Stored data:
----------
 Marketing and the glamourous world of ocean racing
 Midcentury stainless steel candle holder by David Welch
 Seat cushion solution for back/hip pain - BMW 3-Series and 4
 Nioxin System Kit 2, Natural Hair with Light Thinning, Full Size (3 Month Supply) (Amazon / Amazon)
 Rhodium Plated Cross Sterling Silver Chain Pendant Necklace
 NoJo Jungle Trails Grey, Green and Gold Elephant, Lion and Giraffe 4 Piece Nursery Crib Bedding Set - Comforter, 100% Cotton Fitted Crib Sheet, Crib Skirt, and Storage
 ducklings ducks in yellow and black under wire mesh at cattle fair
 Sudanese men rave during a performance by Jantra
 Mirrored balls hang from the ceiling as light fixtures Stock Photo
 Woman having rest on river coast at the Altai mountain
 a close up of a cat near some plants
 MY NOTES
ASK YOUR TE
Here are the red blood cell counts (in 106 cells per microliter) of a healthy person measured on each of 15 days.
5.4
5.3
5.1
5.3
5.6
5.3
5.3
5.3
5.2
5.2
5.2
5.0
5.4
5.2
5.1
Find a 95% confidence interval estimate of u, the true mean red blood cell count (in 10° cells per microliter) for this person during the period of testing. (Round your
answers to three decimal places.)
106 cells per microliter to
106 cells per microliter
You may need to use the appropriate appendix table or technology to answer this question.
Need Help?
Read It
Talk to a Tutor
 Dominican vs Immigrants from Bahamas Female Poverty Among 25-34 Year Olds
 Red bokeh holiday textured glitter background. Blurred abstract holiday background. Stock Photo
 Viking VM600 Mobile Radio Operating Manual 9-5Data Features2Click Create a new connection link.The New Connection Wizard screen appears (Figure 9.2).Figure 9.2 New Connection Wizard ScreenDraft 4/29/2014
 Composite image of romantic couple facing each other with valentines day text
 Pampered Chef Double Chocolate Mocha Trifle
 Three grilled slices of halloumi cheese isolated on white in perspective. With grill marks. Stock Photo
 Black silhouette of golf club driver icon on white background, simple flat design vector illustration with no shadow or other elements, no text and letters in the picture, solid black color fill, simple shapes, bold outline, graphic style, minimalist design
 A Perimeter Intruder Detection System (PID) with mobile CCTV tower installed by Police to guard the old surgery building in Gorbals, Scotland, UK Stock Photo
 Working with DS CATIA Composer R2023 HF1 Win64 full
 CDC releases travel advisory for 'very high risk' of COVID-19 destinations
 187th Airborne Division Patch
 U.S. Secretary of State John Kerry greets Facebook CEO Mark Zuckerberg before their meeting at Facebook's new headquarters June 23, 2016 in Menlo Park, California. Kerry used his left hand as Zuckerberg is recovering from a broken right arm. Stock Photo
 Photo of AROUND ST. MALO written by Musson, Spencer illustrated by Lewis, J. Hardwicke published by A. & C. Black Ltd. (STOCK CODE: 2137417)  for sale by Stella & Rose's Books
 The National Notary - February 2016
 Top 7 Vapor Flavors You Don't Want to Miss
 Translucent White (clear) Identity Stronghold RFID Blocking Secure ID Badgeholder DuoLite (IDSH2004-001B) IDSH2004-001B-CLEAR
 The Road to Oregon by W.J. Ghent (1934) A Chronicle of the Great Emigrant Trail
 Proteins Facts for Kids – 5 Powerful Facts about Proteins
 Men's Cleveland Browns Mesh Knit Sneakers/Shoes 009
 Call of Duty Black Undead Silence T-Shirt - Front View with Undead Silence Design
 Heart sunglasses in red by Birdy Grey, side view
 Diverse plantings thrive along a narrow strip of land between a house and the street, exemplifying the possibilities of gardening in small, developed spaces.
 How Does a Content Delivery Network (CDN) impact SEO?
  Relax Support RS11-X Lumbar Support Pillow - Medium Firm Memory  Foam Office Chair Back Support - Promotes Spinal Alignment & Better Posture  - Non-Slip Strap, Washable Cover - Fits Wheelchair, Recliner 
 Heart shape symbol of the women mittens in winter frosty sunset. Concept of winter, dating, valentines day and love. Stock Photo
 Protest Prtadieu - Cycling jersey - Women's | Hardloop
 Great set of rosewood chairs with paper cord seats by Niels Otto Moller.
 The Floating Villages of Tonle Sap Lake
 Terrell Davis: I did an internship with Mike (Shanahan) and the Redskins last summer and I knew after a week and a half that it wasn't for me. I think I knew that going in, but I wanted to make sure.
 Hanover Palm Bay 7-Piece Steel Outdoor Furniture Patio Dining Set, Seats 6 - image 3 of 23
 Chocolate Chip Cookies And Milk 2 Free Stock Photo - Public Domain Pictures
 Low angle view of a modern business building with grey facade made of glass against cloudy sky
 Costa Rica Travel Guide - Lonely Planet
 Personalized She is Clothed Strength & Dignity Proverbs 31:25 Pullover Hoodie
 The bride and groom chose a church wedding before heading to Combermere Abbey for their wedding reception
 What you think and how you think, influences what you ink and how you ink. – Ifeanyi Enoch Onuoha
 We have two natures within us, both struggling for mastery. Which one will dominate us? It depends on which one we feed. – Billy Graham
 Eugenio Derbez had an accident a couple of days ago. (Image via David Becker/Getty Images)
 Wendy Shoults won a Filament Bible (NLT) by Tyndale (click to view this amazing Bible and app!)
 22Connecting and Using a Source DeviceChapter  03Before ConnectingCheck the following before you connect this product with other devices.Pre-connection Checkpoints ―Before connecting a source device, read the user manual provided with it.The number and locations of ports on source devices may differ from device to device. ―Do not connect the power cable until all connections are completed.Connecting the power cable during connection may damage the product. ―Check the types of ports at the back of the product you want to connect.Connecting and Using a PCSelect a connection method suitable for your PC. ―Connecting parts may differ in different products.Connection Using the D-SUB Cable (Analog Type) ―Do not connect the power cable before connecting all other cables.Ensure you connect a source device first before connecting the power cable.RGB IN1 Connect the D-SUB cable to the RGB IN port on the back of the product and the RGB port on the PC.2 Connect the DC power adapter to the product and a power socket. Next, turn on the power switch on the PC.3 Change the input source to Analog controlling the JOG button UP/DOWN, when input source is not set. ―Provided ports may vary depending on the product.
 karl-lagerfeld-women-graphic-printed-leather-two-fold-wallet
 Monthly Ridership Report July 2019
----------
▶ [Assignment]: Reproduce exactly the lines from the beginning of the entries above up to and including the line that contains "Nioxin System Kit".

▶ [Response box]:
 Marketing and the glamourous world of ocean racing
 Midcentury stainless steel candle holder by David Welch
 Seat cushion solution for back/hip pain - BMW 3-Series and 4
 Nioxin System Kit 2, Natural Hair with Light Thinning, Full Size (3 Month Supply) (Amazon / Amazon)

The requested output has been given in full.